Bank of England Museum
History, tourist information, and nearby accommodation
The Bank of England Museum is a fascinating walk through time, looking back at the history of this venerable institution from its inception by royal charter in 1694.
The bank's charter, issued jointly in the names of William and Mary, can be seen, with the royal seal attached. The seal was affixed to the charter in a ceremony on 27 July 1694 at Powis House, Lincoln's Inn Fields, by Sir John Somers, Lord Keeper of the Great Seal.
One of the first issues faced by the Court of Directors of the Bank of England was the issue of banknotes. Until that time most business transactions were conducted with coins. The Court of Directors decided to acknowledge a deposit of coins in three ways.
First, a transaction book, or notated piece of paper retained by the customer (similar to a modern building society passbook). Second, acting as an intermediary when a customer wanted to pay a third party (like a modern cheque). The third method was to issue a cash note which acted as a receipt payable to the bearer. This third method proved to be by far the most popular. In 1697 Sir Theodore Jansen, a Bank Director, recorded that 'The Custom of giving Notes hath so much prevailed amongst us that the Bank could hardly carry on business without it.'
The popularity of this third method led to the establishment of the banknote as we know it today. You can see early examples of banknotes dating from the 17th century, and original artwork used in the creation of banknote design.
There is also a large collection of banknote forgeries, some clever and some less than convincing. Unlike today, early forgeries did not have to be very good to work. Early notes were very simple in design, and most people were unused to paper banknotes in any case, making forgeries easy to pass off as legal tender.
One unusual item is a one million pound note from the early 19th century. Though the highest denomination publicly issued by the Bank of England was £1,000, million-pound notes were sometimes used for internal accounting purposes. The note was payable to the Chief Cashier, Andrew Newland, as were all banknotes at that time.
The museum does an excellent job of showing how famous people were linked to the early history of the Bank of England. One such celebrity was George Frederick Handel (1685-1759), the popular composer. Handel had two bank accounts; one 'Drawing Account', the equivalent of an ordinary savings account, and a 'Stock account' that he used to invest in Government securities managed by the Bank.
One of Handel's investments was stock in the notorious South Sea Company. Luckily for Handel, he bought when the Company's stock was low and sold his investment before the 'south sea Bubble' burst in 1720.
Another celebrity display shows items connected to George Washington, the first President of the United States. You can see a document signed by Washington and his wife Martha, authorising payment on stock dividends held by Martha and her two children from the father of her first husband.
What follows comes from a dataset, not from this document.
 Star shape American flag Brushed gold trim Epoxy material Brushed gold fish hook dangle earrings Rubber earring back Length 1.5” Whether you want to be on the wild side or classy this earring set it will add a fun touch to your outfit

There are also less-expected displays of wonderful antique furniture, much of it used by the bank directors over the centuries, such as a set of chairs specially designed by architect Sir John Soane. In addition, an extensive collection of artwork portrays bank personnel and the changing look of the bank premises over time.
From the earliest days of the Bank of England until well into the 19th century the British government frequently used lotteries as a way to raise money. The Bank of England acted as the official lottery registrar and held subscriptions on behalf of the government. You can see displays of lottery tickets dated 1769 and signed by the Bank's Chief Cashier.
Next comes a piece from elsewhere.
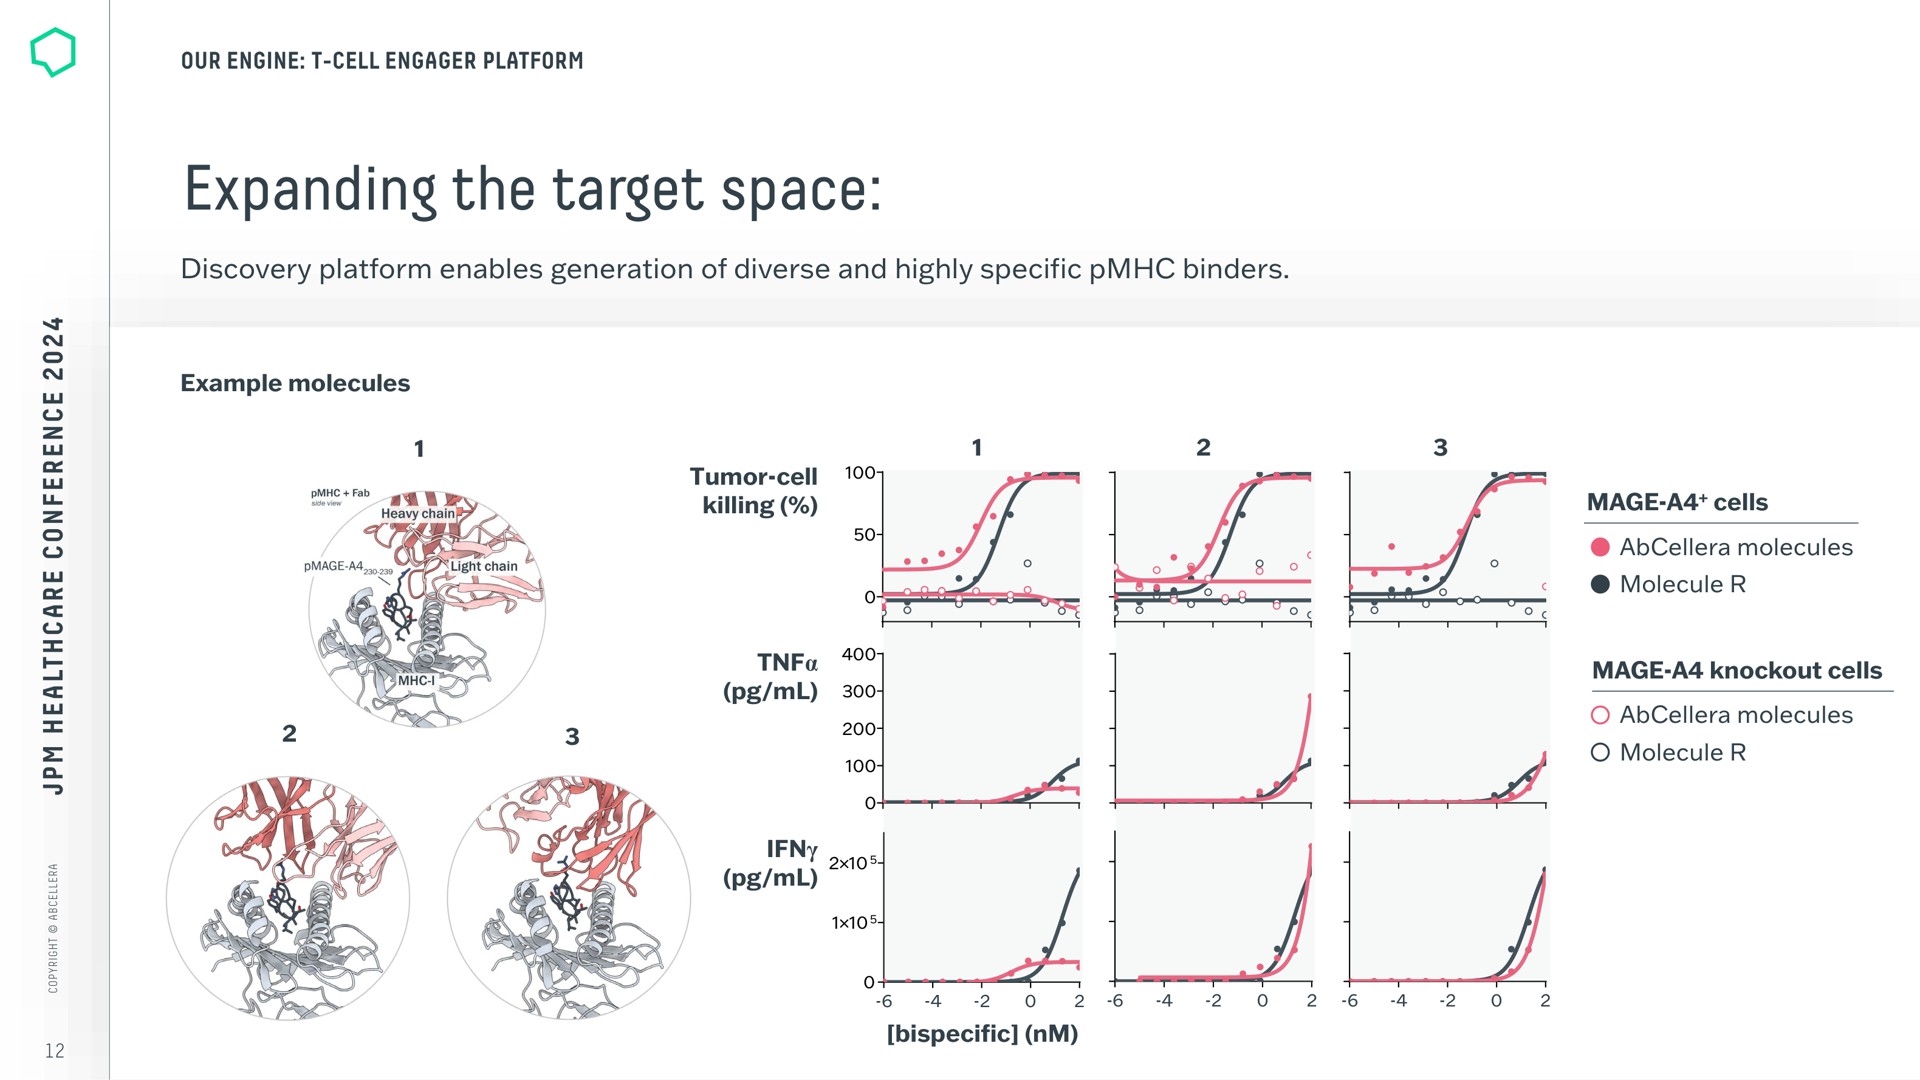 expanding the target space discovery platform enables generation of diverse and highly specific binders a | AbCellera

As if that were not enough, there is antique silver and statuary, weaponry used to defend bank premises, and banking paraphernalia such as weights, scales, keys, and calculators. You can even try to heft a real gold bar.
The Bank of England Museum hosts a regular program of special events, talks, and exhibits. An audio tour is available for a small fee, with the commentary "provided" by Abraham Newland, Chief Cashier of the Bank from 1778 to 1807.
The oldest piece of furniture on display is an iron chest made around the year 1700, with a complex locking mechanism and heavy ironwork frame. Such chests were commonly used to store valuables in the days before safes. In Bank records for the year 1735, it is referred to as 'the Great Iron chest in the Parlour'.
The Honest Sewer Worker
One of the most unusual museum exhibits tells the story of a 19th-century sewer worker who discovered that a public sewer led directly into the Bank's supposedly secure vaults. Rather than take advantage of his discovery to steal money from the vaults, the workman told the authorities of the threat. The rather embarrassed Bank sealed the vaults and rewarded the sewer workman for his honesty.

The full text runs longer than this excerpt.